Marta Olivia parecía estar en todas partes de la casa, en el calor del mediodía el trajinar de las cosas que nunca terminaban por encontrar su lugar; aquí y allá, brisas encontradas de jazmines y flores silvestres, leche agria y cueros curtidos; aquí y allá el sonar del caldero en la cocina y los moldes del queso, de modo que la casa no sólo se inundó de abejas y olores, se vio saturada de los ruidos más extraños, de huesos de cadera, de un rechinar de dientes; aquí y allá, el delicioso tono de los granos de trigo vertidos sobre los recipientes de hierro, la rota música del agua derramando los aljibes, la tabla de partir, y el sonar de las puertas al cerrarse tras su paso y tras el viento, y en medio de ese torbellino de olores y sonidos un alma apasionada que trataba de darle vida a recuerdos de otros tiempos; y cuando no había ya nada que ordenar se demoraba dando filo a los cuchillos, hasta gastarles la hoja y dejarlos como a la madera que se le ha sacado un tajo, la clase de cosas que hace uno cuando no anda bien del corazón decía Celia, cuando Francisco con esa misma obstinación abigarraba las tarimas con cargas de leña. Sobre el tejado era posible apreciar una especie de embrión de humo, que emergía del fogón de la hornilla que siempre permanecía encendida, que avalaba con elocuencia un hogar con alma, Marta Olivia se cuestionaba como Celia era capaz de compensar el agua evaporada de la tetera de barro que hervía permanentemente sobre el comal, el truco era fácil, las vajillas de barro elaboradas a medida tenían una especie de medio nudo al lado contrario de la asidera que indicaba una capa más gruesa de barro que moderaba la exposición al calor del agua para café, de modo que permanecía a un punto de hervir sin llegar a evaporarse, alejarla del calor no producía el mismo efecto y ese era el punto bajo el tapete; los rudimentos de la ciencia del hogar decente, pensó, como decía su Tío Abuelo, cuando casualmente dio con el enigma.

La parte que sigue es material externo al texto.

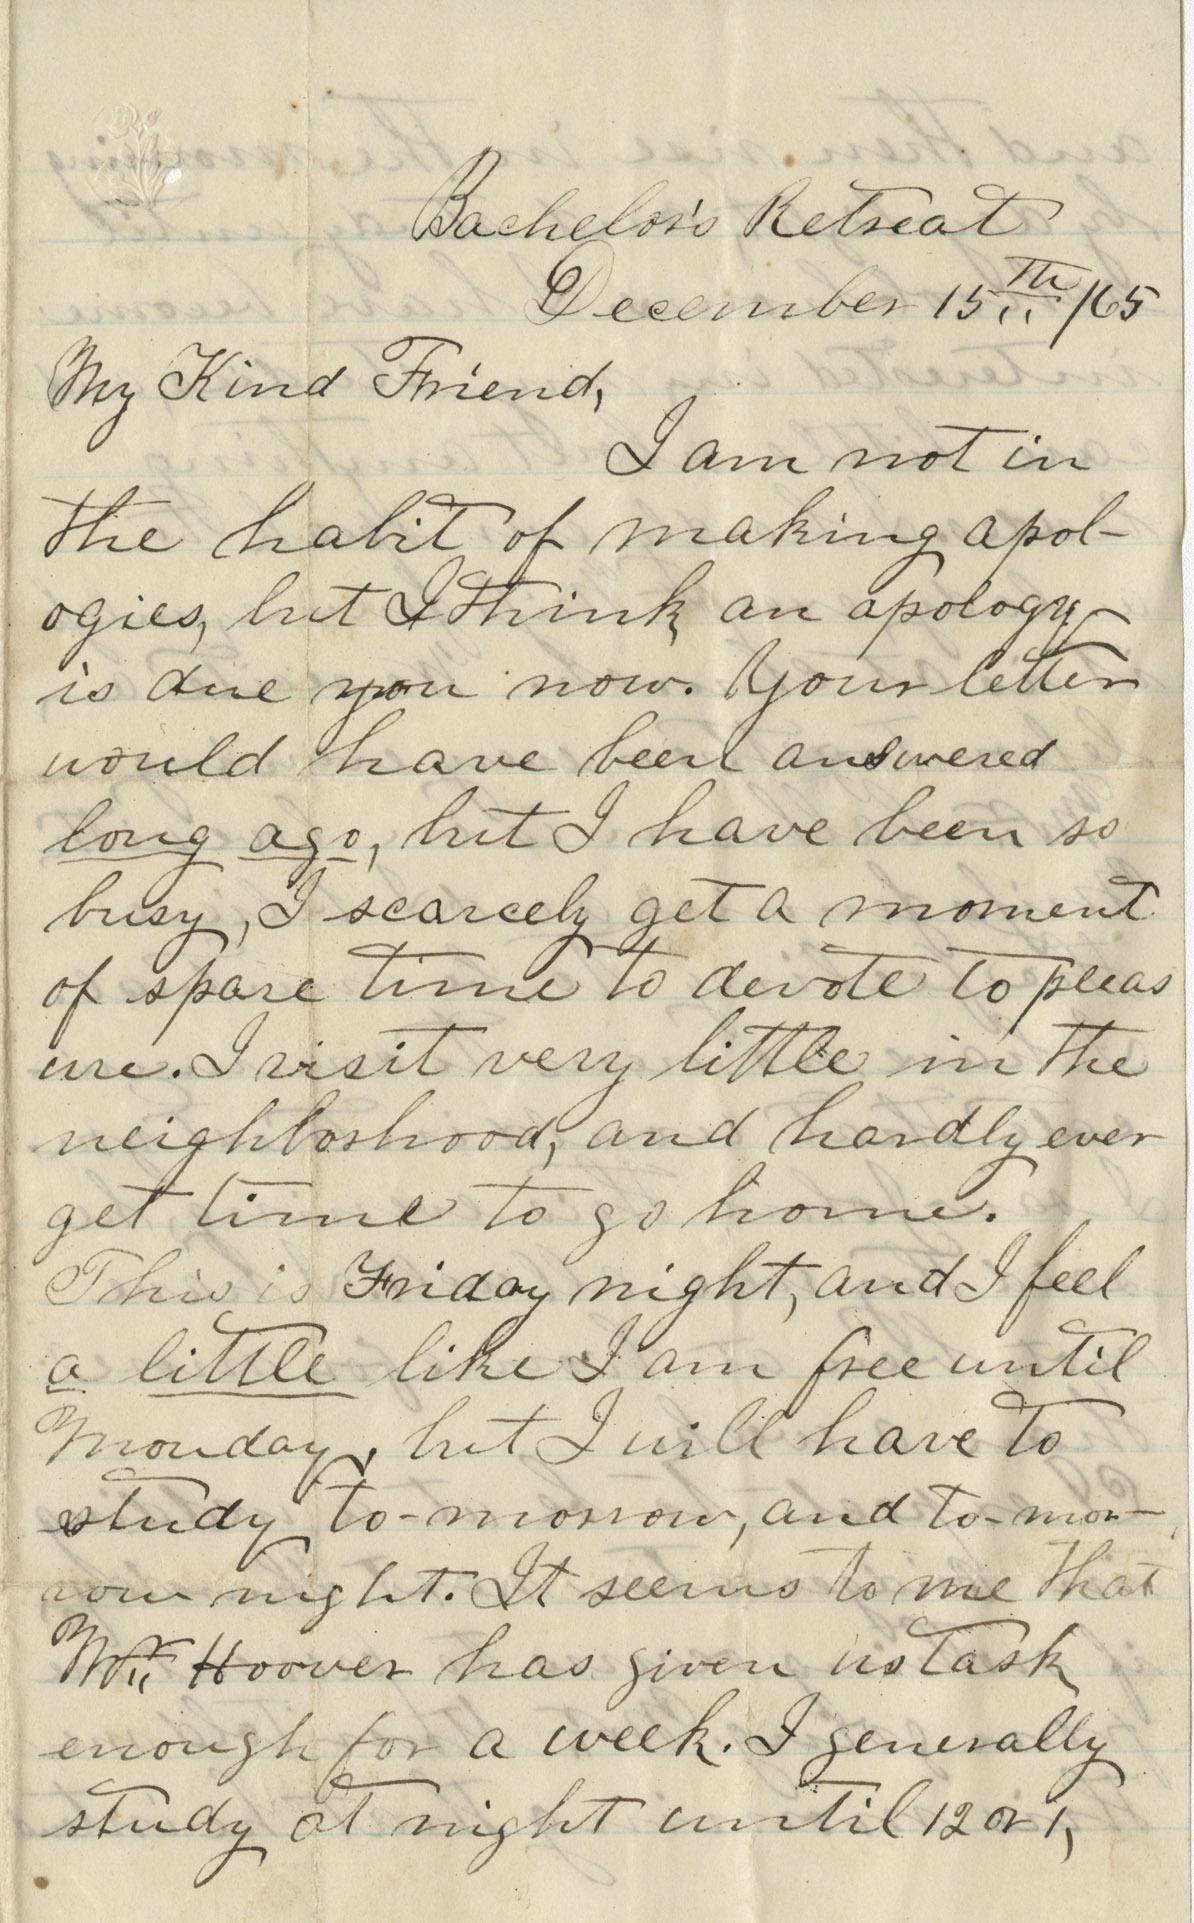 Ms2016_013_HeizerJames_Letter_1865_1215a.jpg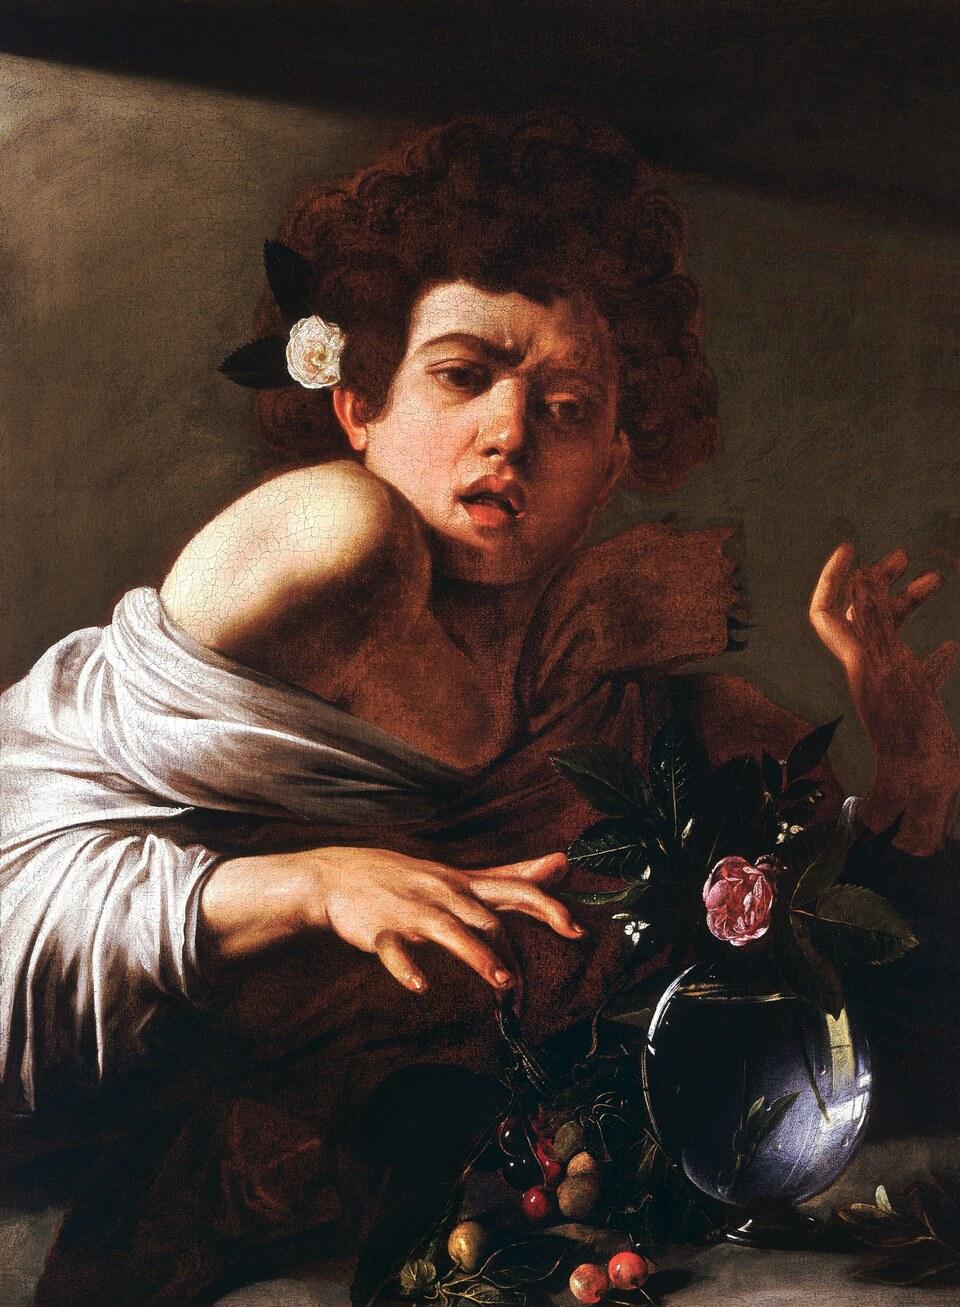 Malen wie Caravaggio

Se las arreglaba duramente para lindar con lo que recordaba era la casa y sus múltiples obligaciones, lo severo de la cortesía que se exigía para los forasteros, sobre todo aquellos de tierra del norte, la tradición la introdujo Celia, decía que los del norte eran unos caballeros, gente civilizada, la misma rotativa ilusión de lo perdido que asedia los espíritus nostálgicos de las mujeres.

Texto agregado el 02-07-2012, y leído por 133 visitantes. (0 votos)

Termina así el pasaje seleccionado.